Python 解释器会在你提供的工具和输入上执行代码。这样做是安全的，因为解释器只能调用你提供的工具（比如 Hugging Face 的工具）和打印函数。这意味着你能控制它能做什么，避免了潜在的风险。

另外，Python 解释器默认不允许导入不在安全列表中的模块，所以大部分常见的攻击手段都不会构成威胁。

不过，如果你需要在 ReactCodeAgent 或 CodeAgent 中使用额外的模块，你可以在初始化时，通过 additional_authorized_imports 参数来授权。这个参数接受一个字符串列表，列出你允许导入的额外模块。

In [ ]:

from transformers import ReactCodeAgent

agent = ReactCodeAgent(tools=[], additional_authorized_imports=['requests', 'bs4'])
agent.run("Could you get me the title of the page at url 'https://huggingface.co/blog'?")

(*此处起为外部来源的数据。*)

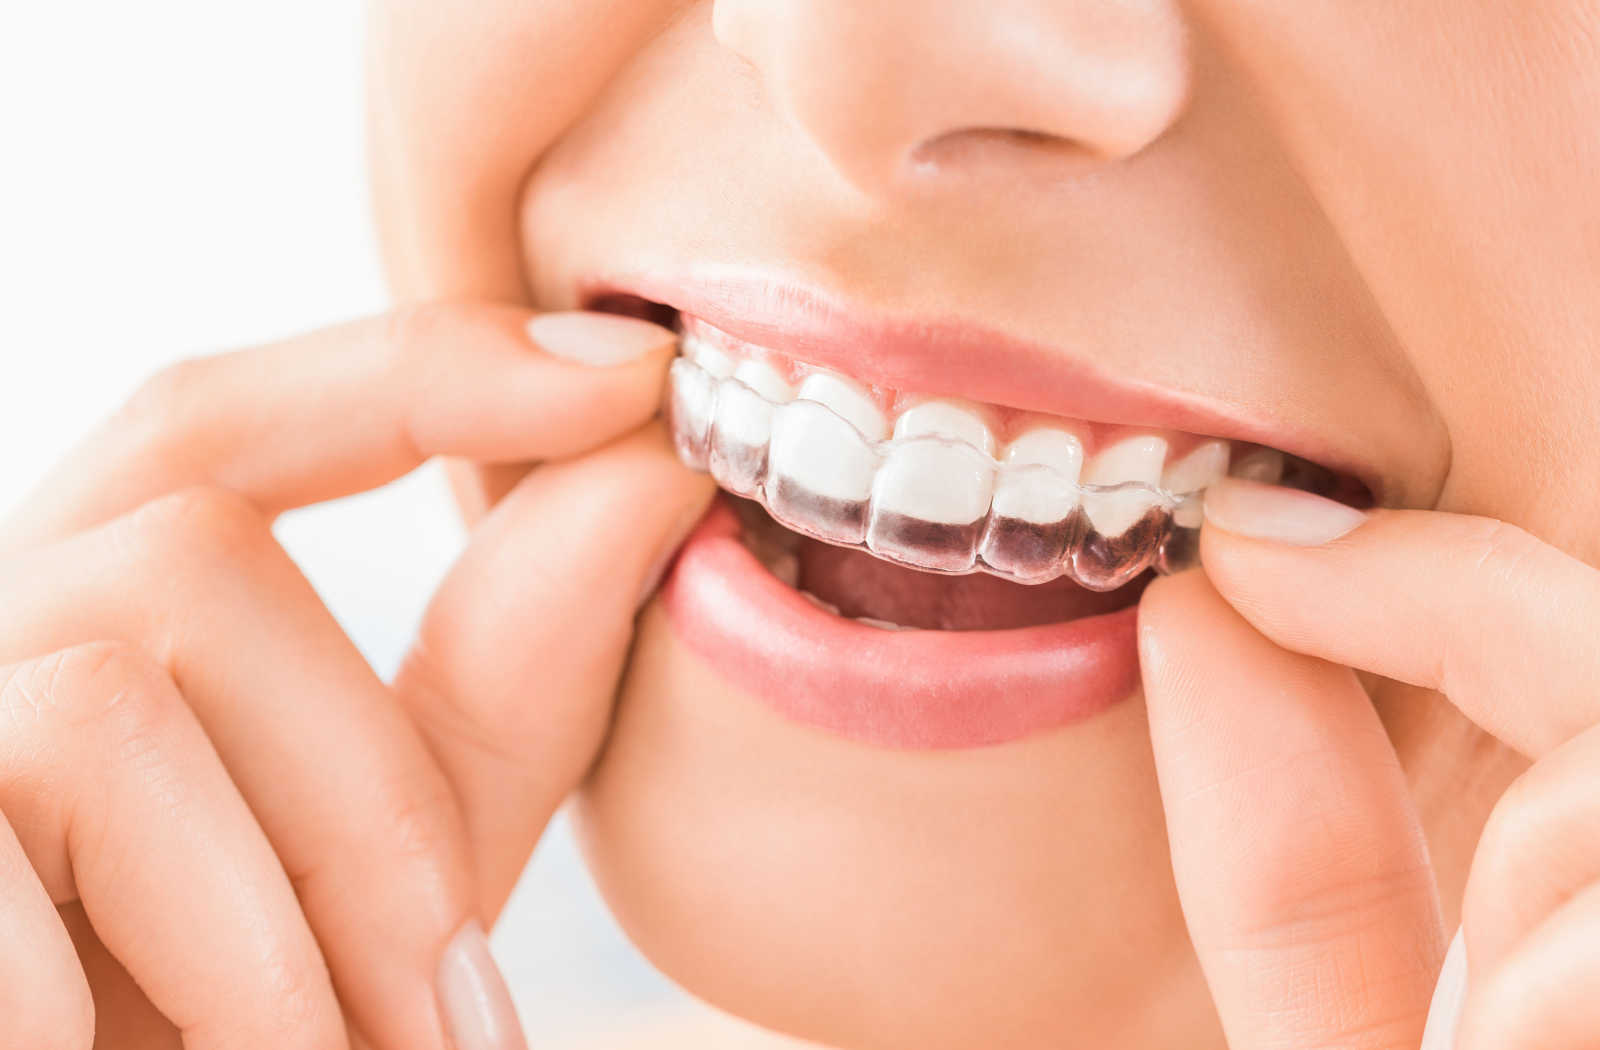 https://greengrovedentist.com/wp-content/uploads/2023/03/How-Much-Does-Invisalign-Cost-in-Edmonton_-Hero.jpg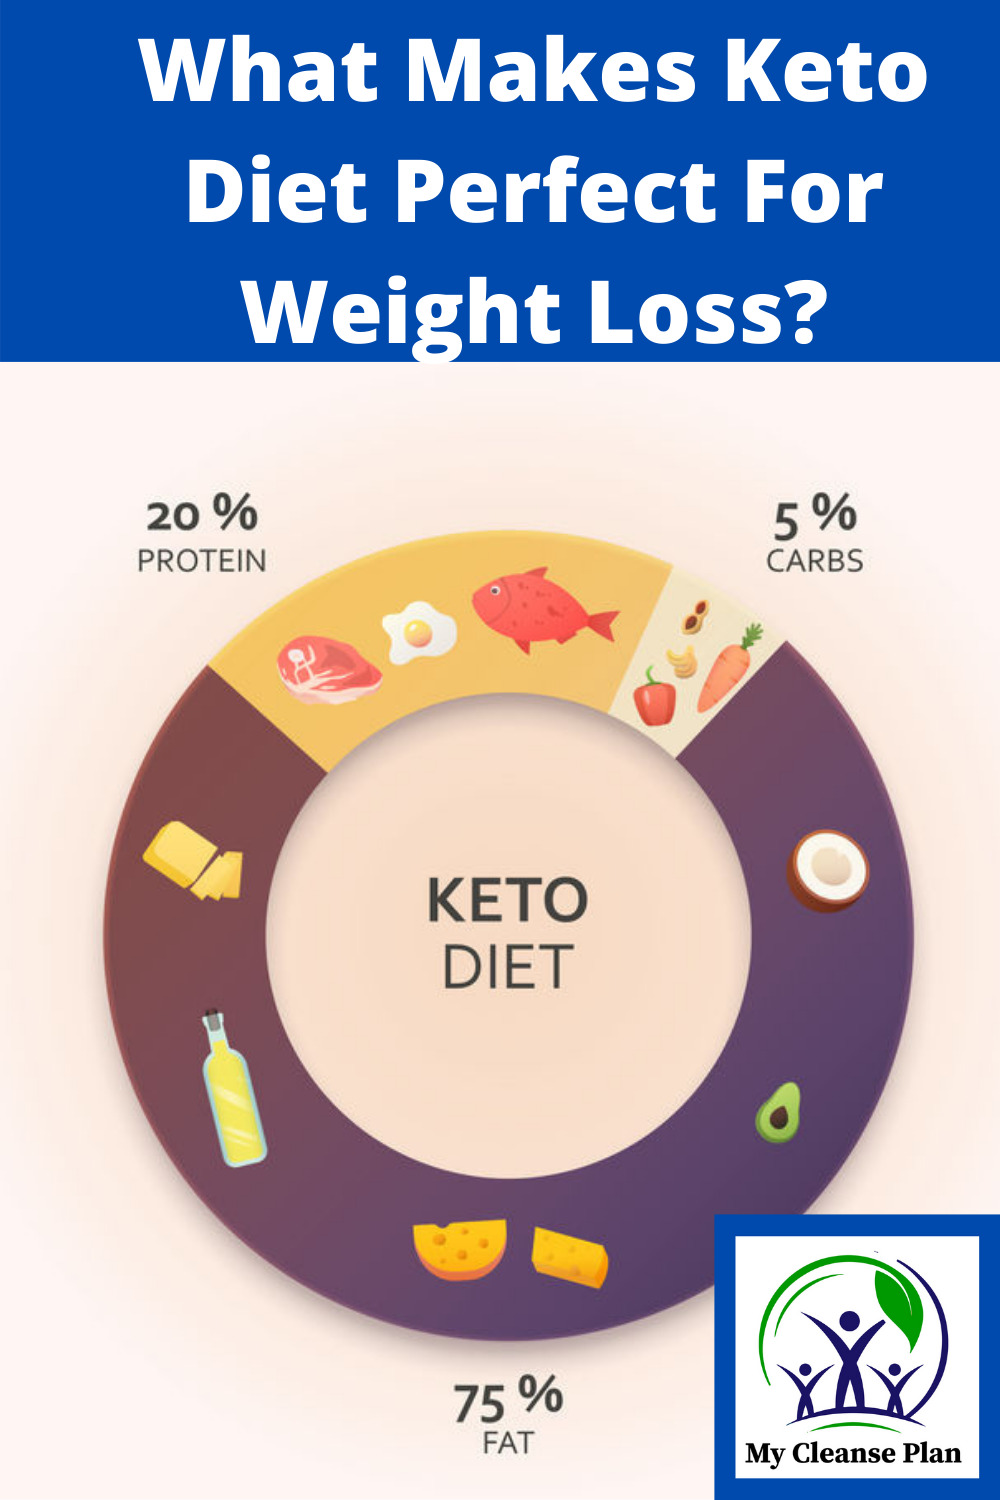 What Makes Keto Diet Perfect For Weight Loss

执行将在任何试图执行非法操作的代码处停止，或者 Agent 生成的代码存在常规的Python错误。

注意！LLM可以生成任意代码，然后执行，所以请不要添加任何不安全的导入！

系统提示¶

Agent ，或者说驱动 Agent 的LLM，基于系统提示生成输出。系统提示可以根据预期的任务进行自定义和定制。例如，查看ReactCodeAgent的系统提示（以下版本略有简化）。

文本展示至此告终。